* EXERCISE BRIEF
Find the line with "Wheel Roller with Knee Pad for Core Workouts" in the entries below, then output every line from it down to the line with "Fine French 1970s", exactly and with no pictures.

* GIVEN INFORMATION
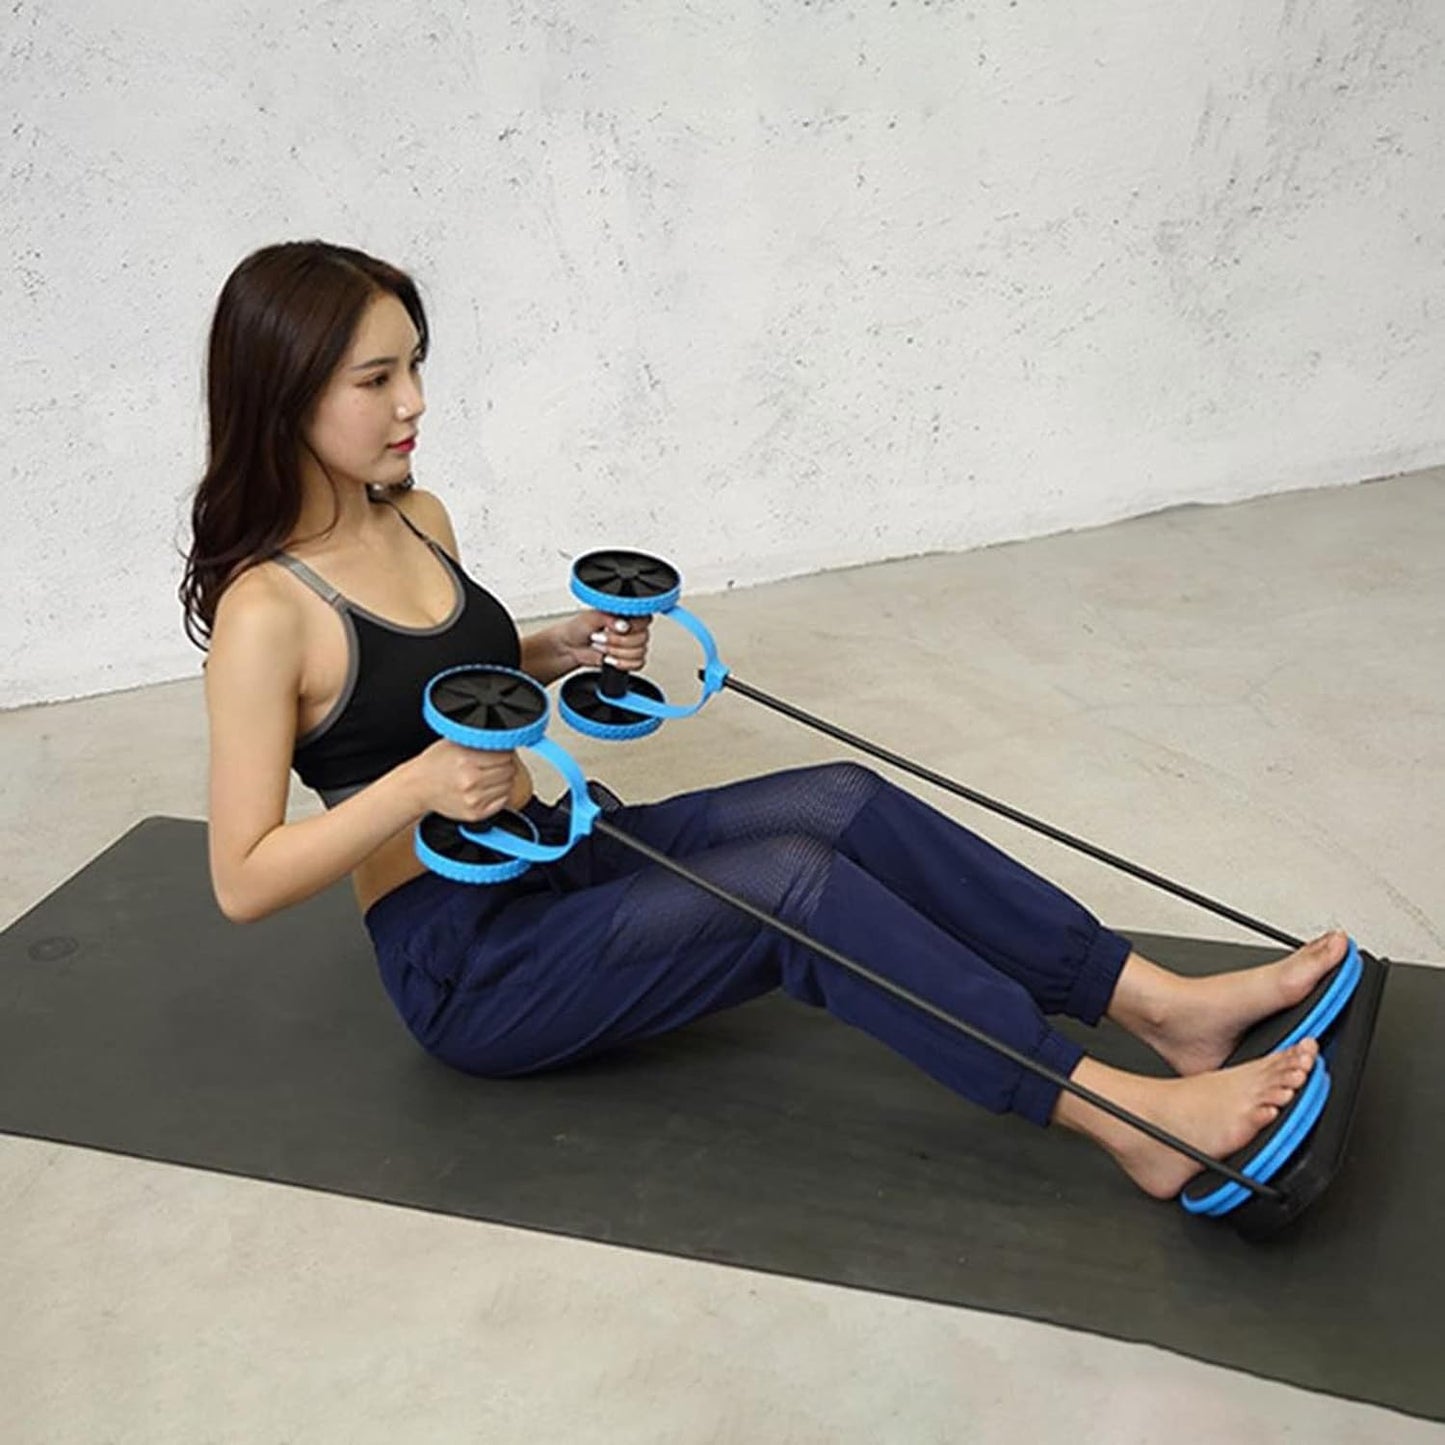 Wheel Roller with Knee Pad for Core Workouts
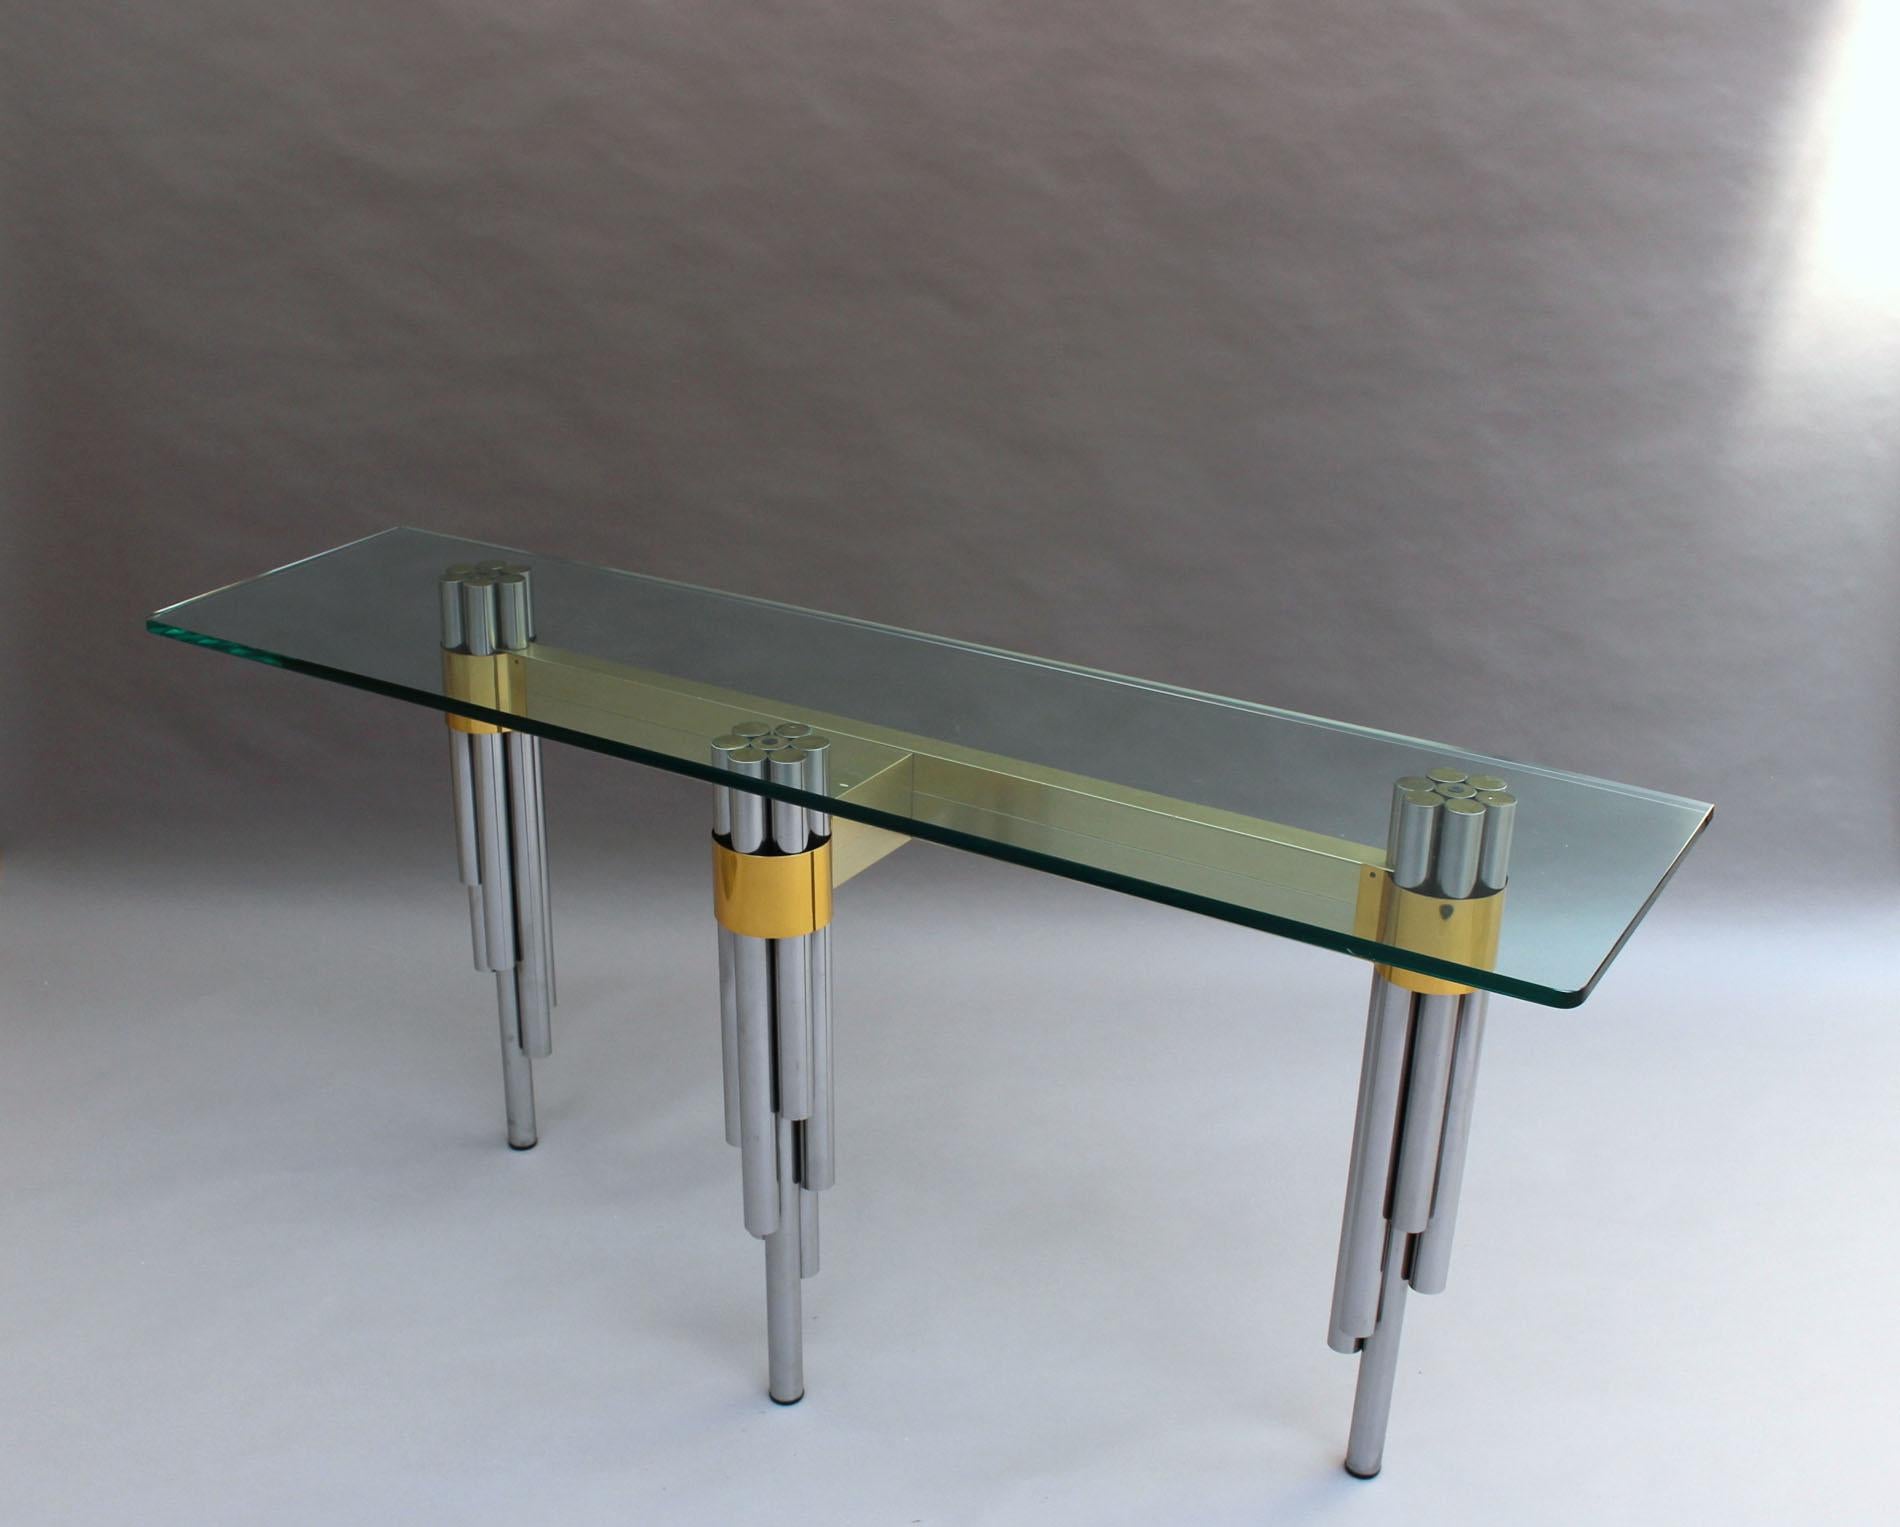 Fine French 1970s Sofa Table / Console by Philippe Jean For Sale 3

* * *

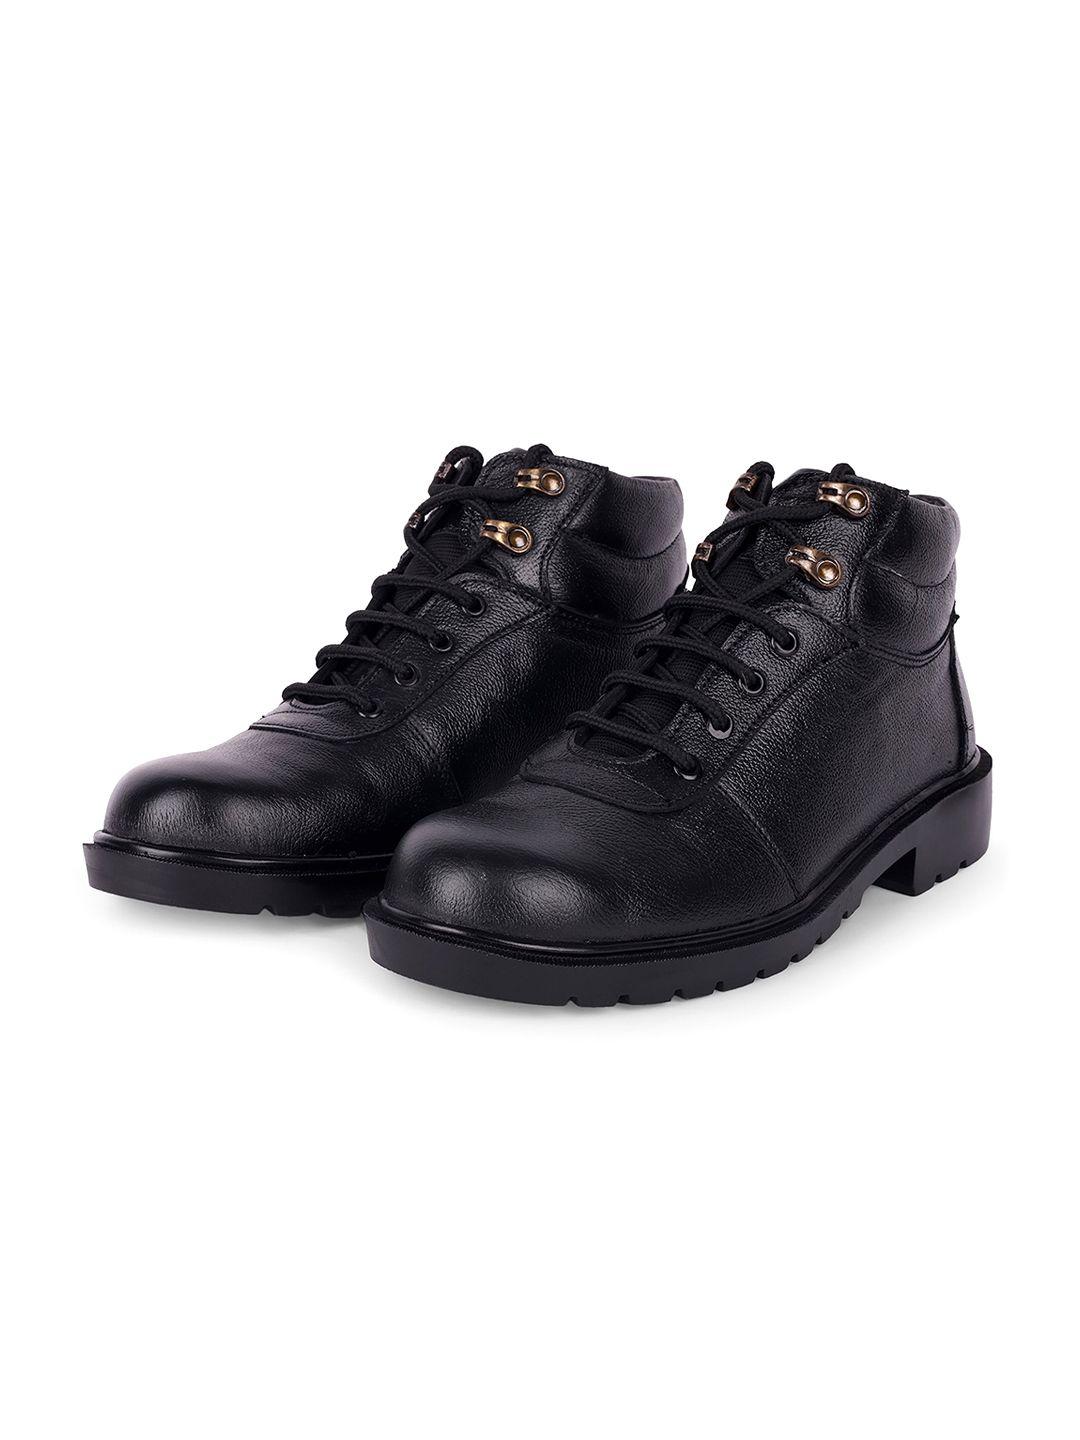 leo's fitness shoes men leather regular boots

* OUTPUT
 Wheel Roller with Knee Pad for Core Workouts
 Fine French 1970s Sofa Table / Console by Philippe Jean For Sale 3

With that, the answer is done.